- _What the task requires_
Restate every line of the material below word for word, skipping the images.

- _Provided material_
────────────────────

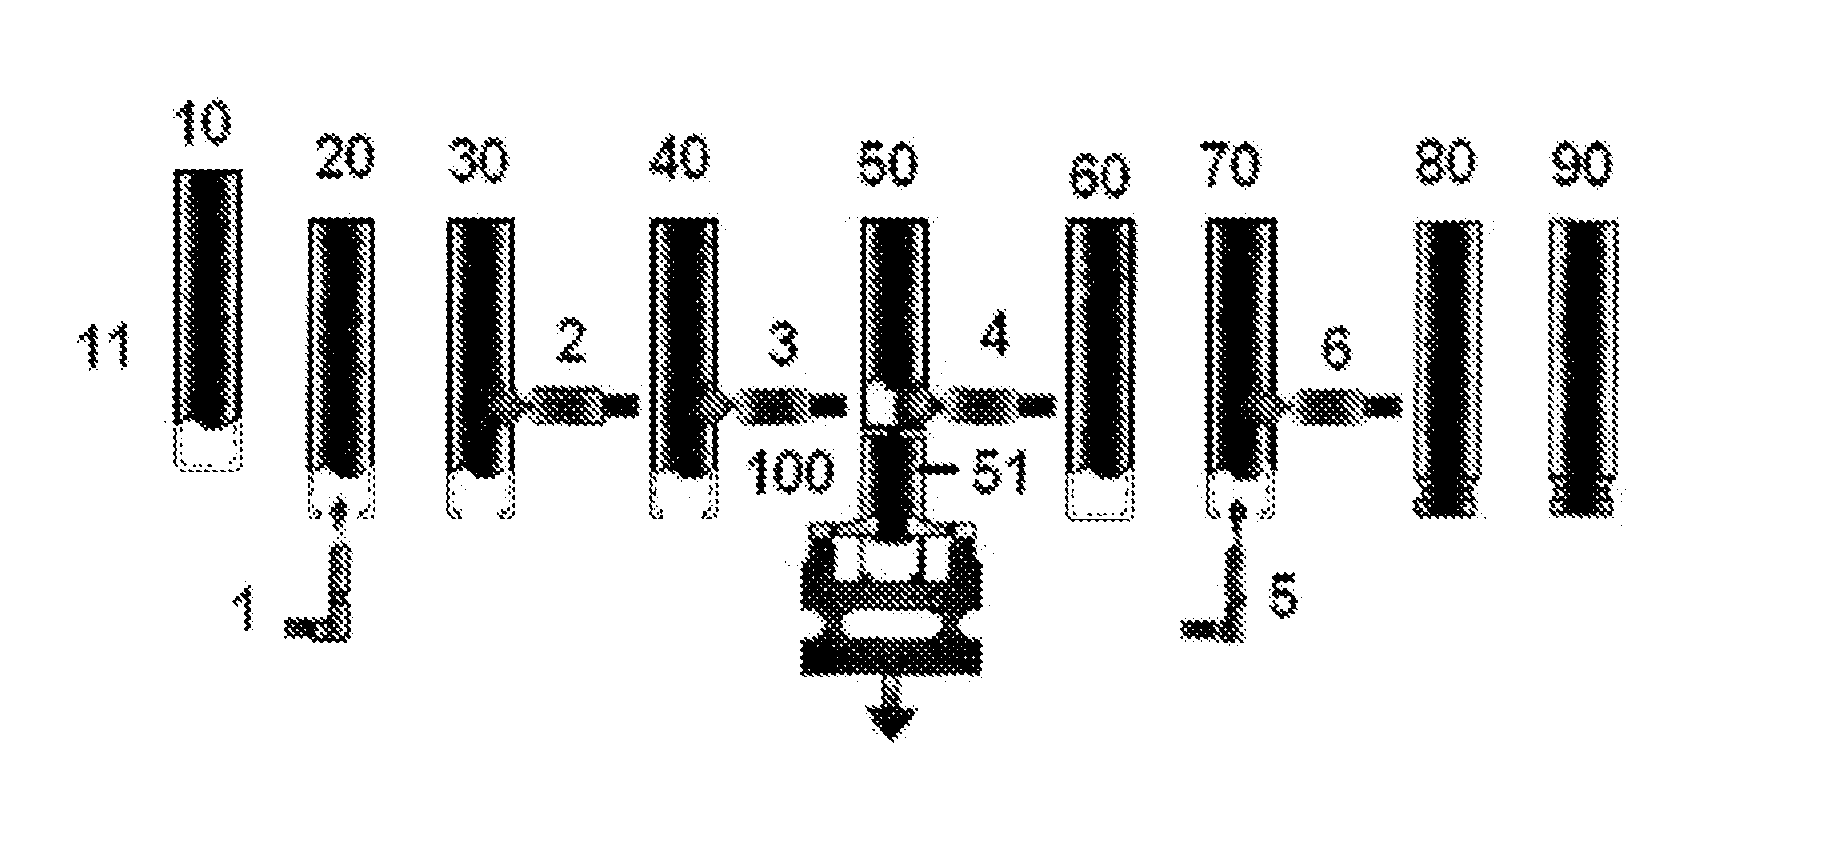 Method for manufacturing glass containers for pharmaceutical use
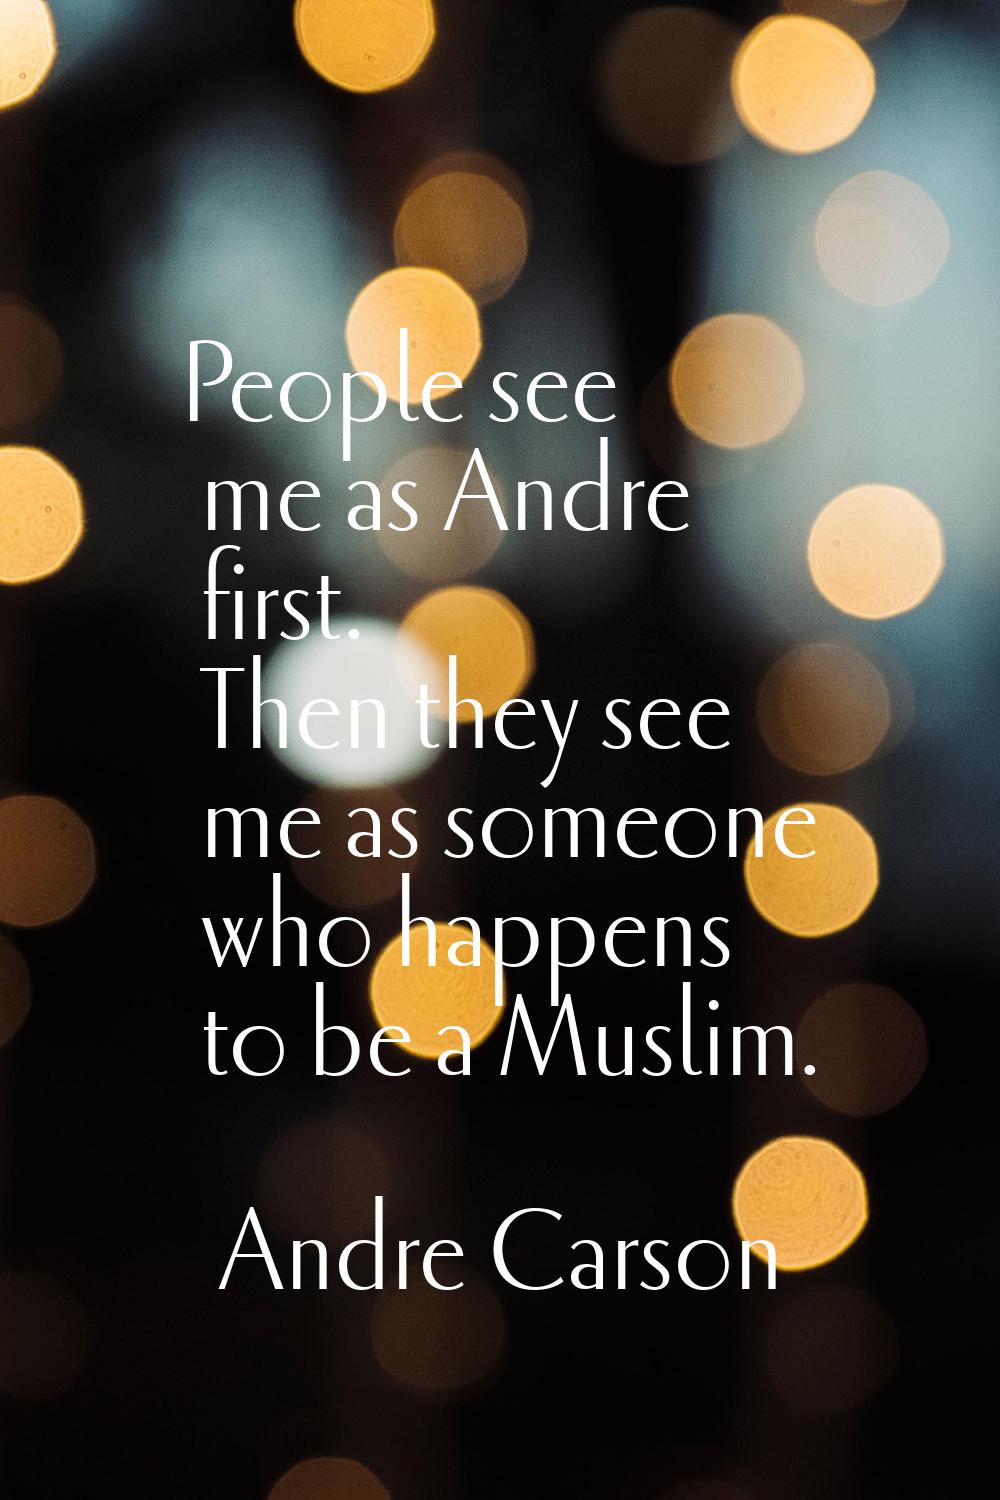 People see me as Andre first. Then they see me as someone who happens to be a Muslim.
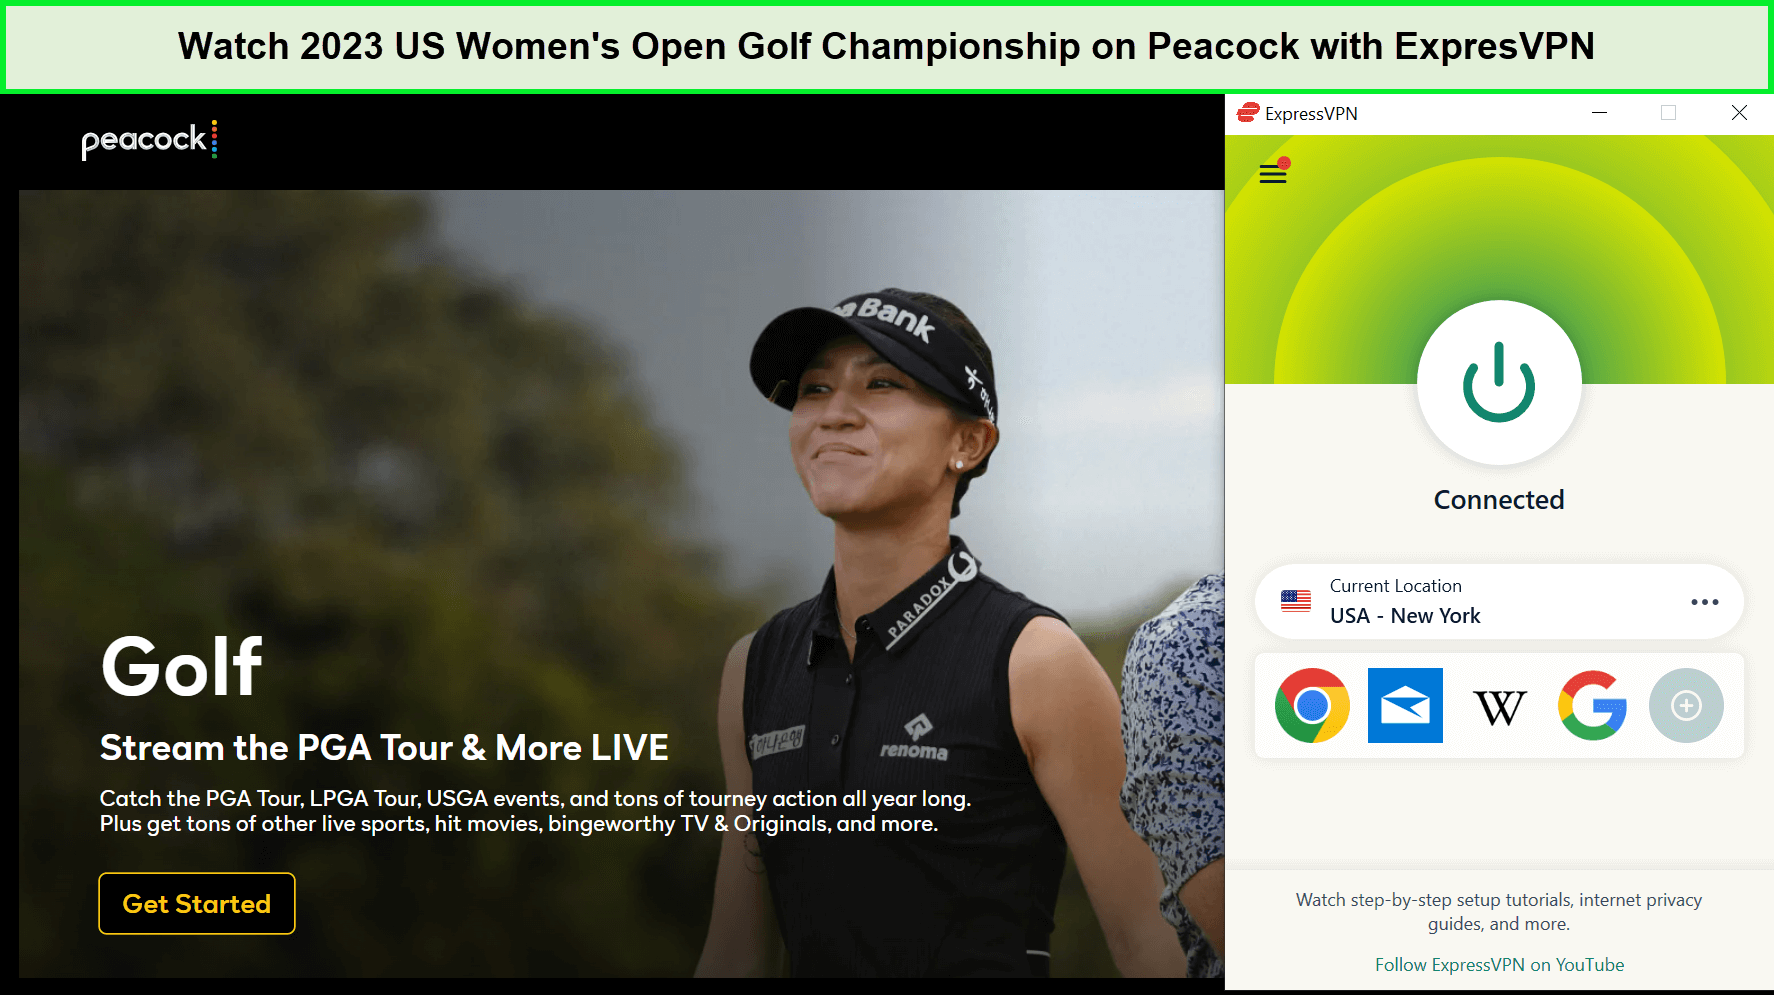 Watch-2023-US-Womens-Open-Golf-Championship-in-Germany-on-Peacock-with-ExpresVPN
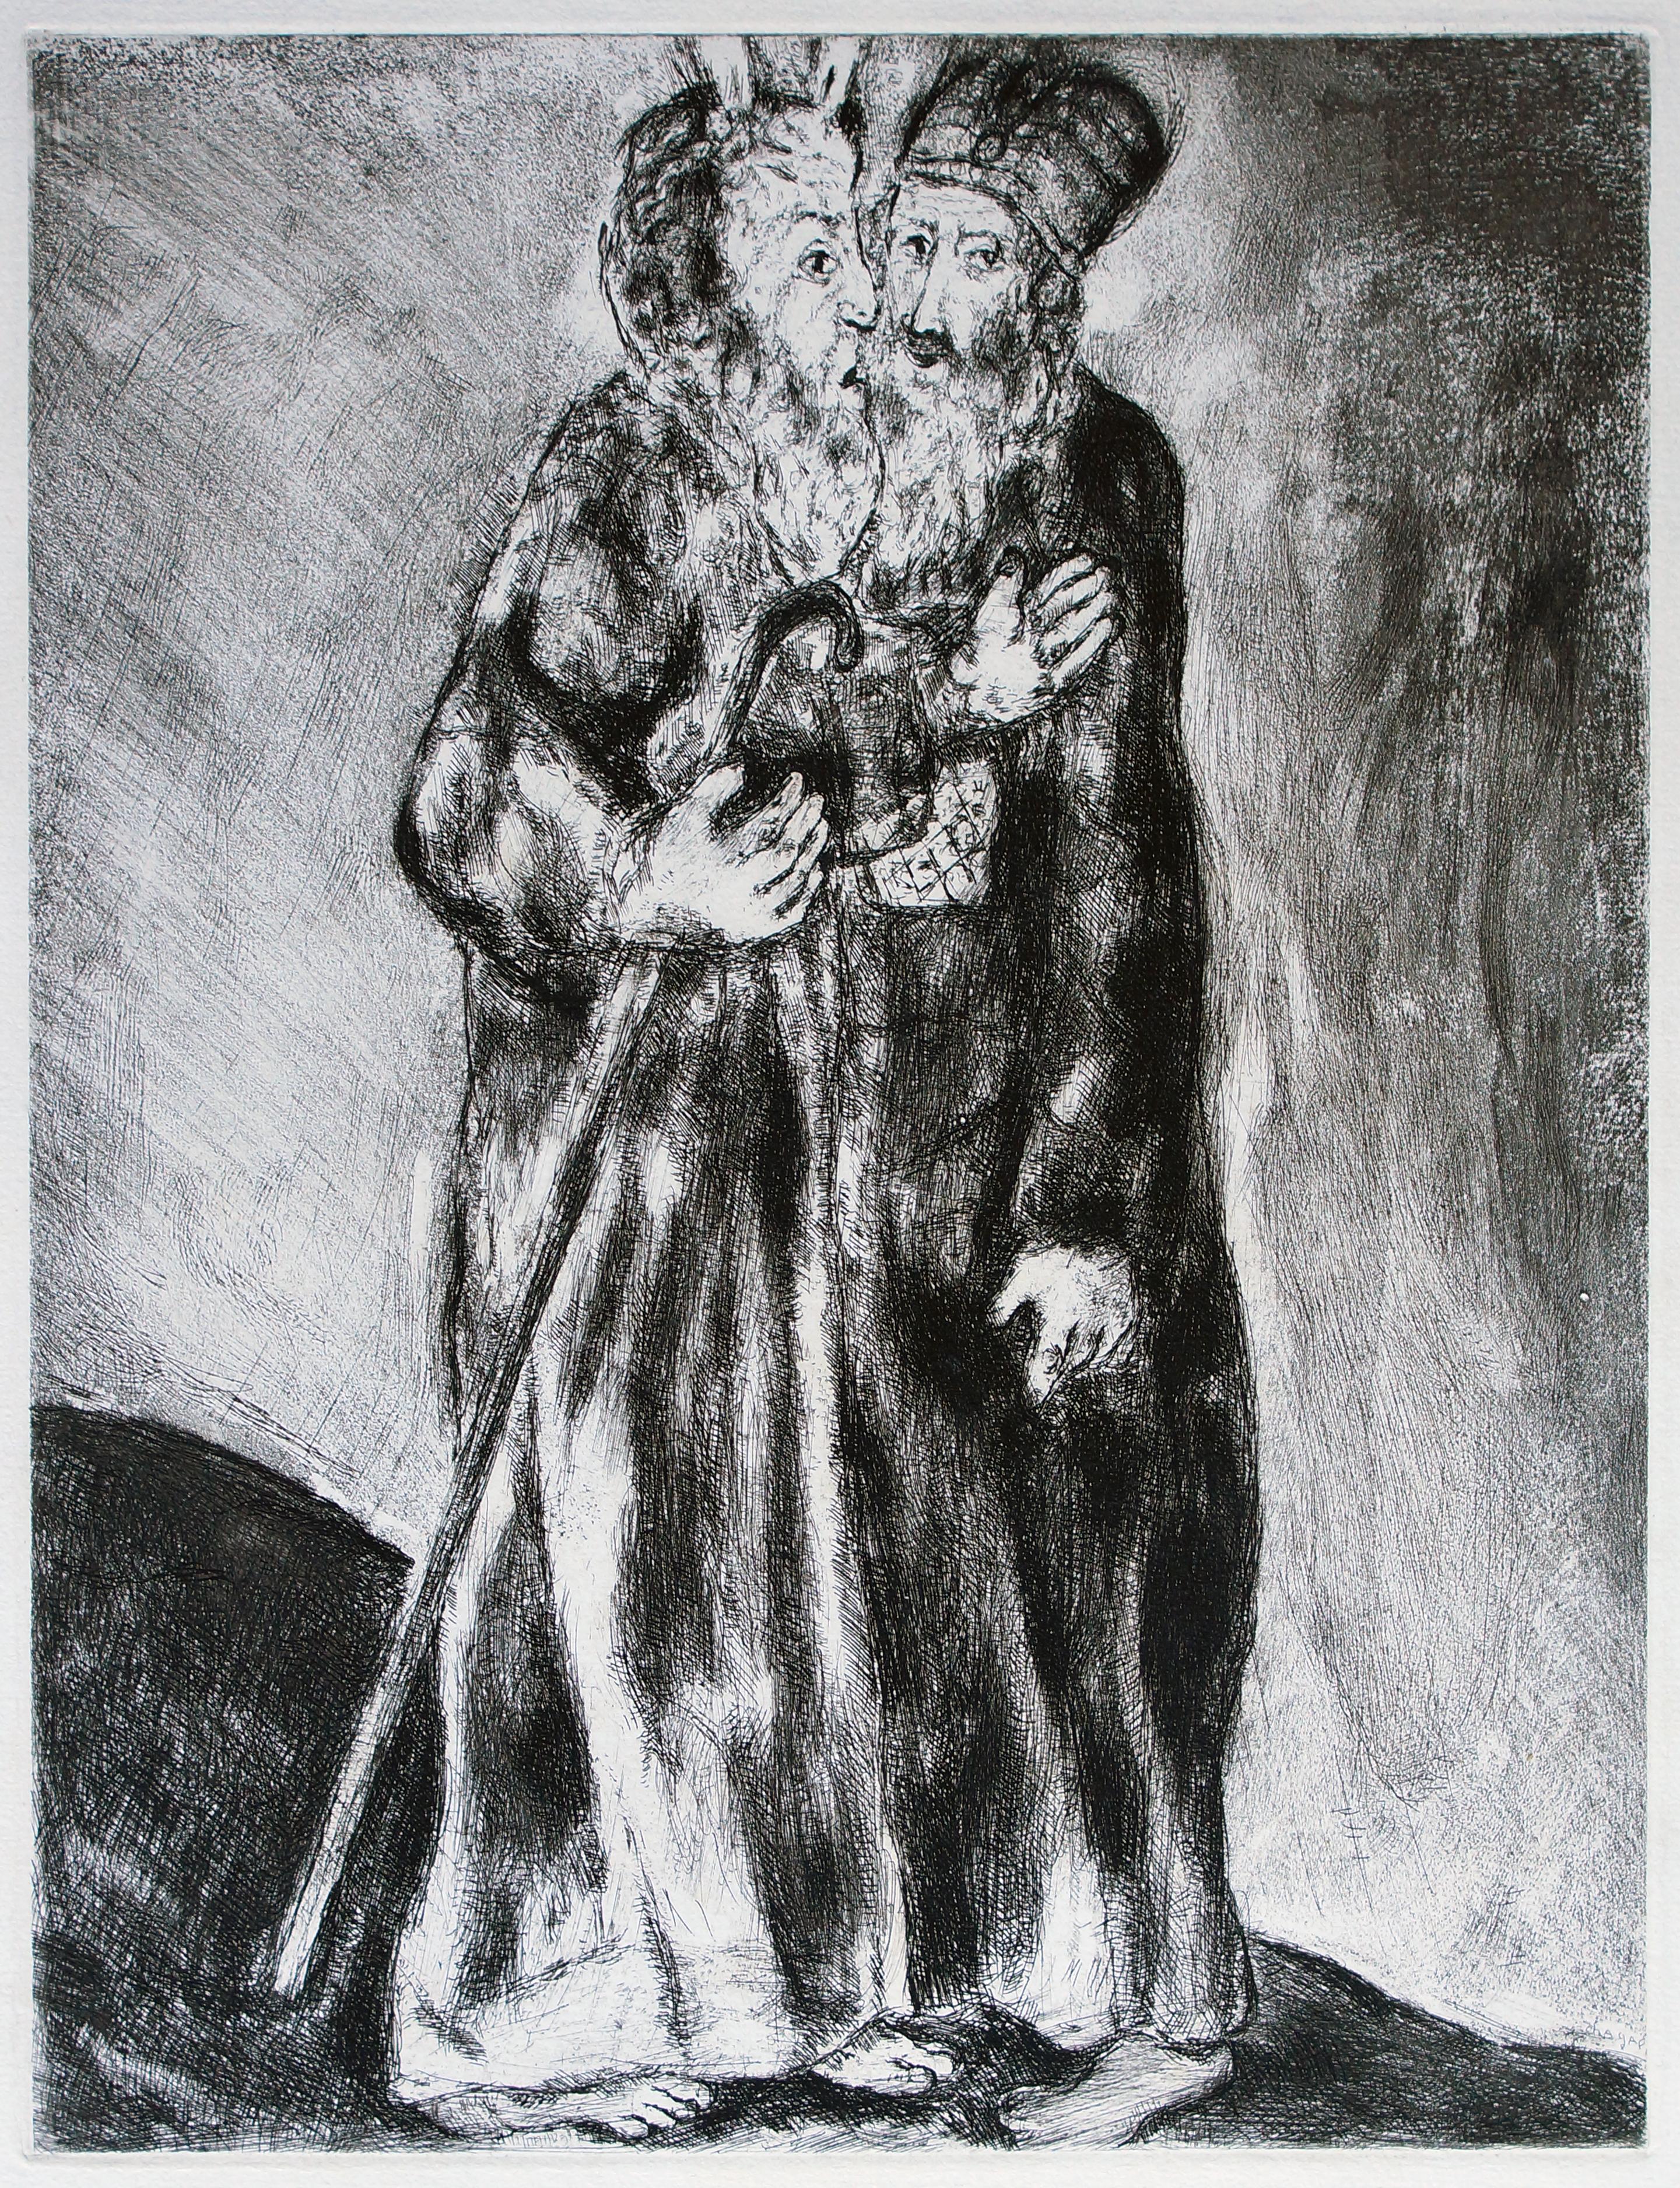 Moses Meets his Brother Aaron in the Desert  - Original Etching by M. Chagall - Art by Marc Chagall

────────────────────

- _Answer to this problem_
 Method for manufacturing glass containers for pharmaceutical use
 People see me as Andre first. Then they see me as someone who happens to be a Muslim.
 Watch-2023-US-Womens-Open-Golf-Championship-in-Germany-on-Peacock-with-ExpresVPN
 Moses Meets his Brother Aaron in the Desert  - Original Etching by M. Chagall - Art by Marc Chagall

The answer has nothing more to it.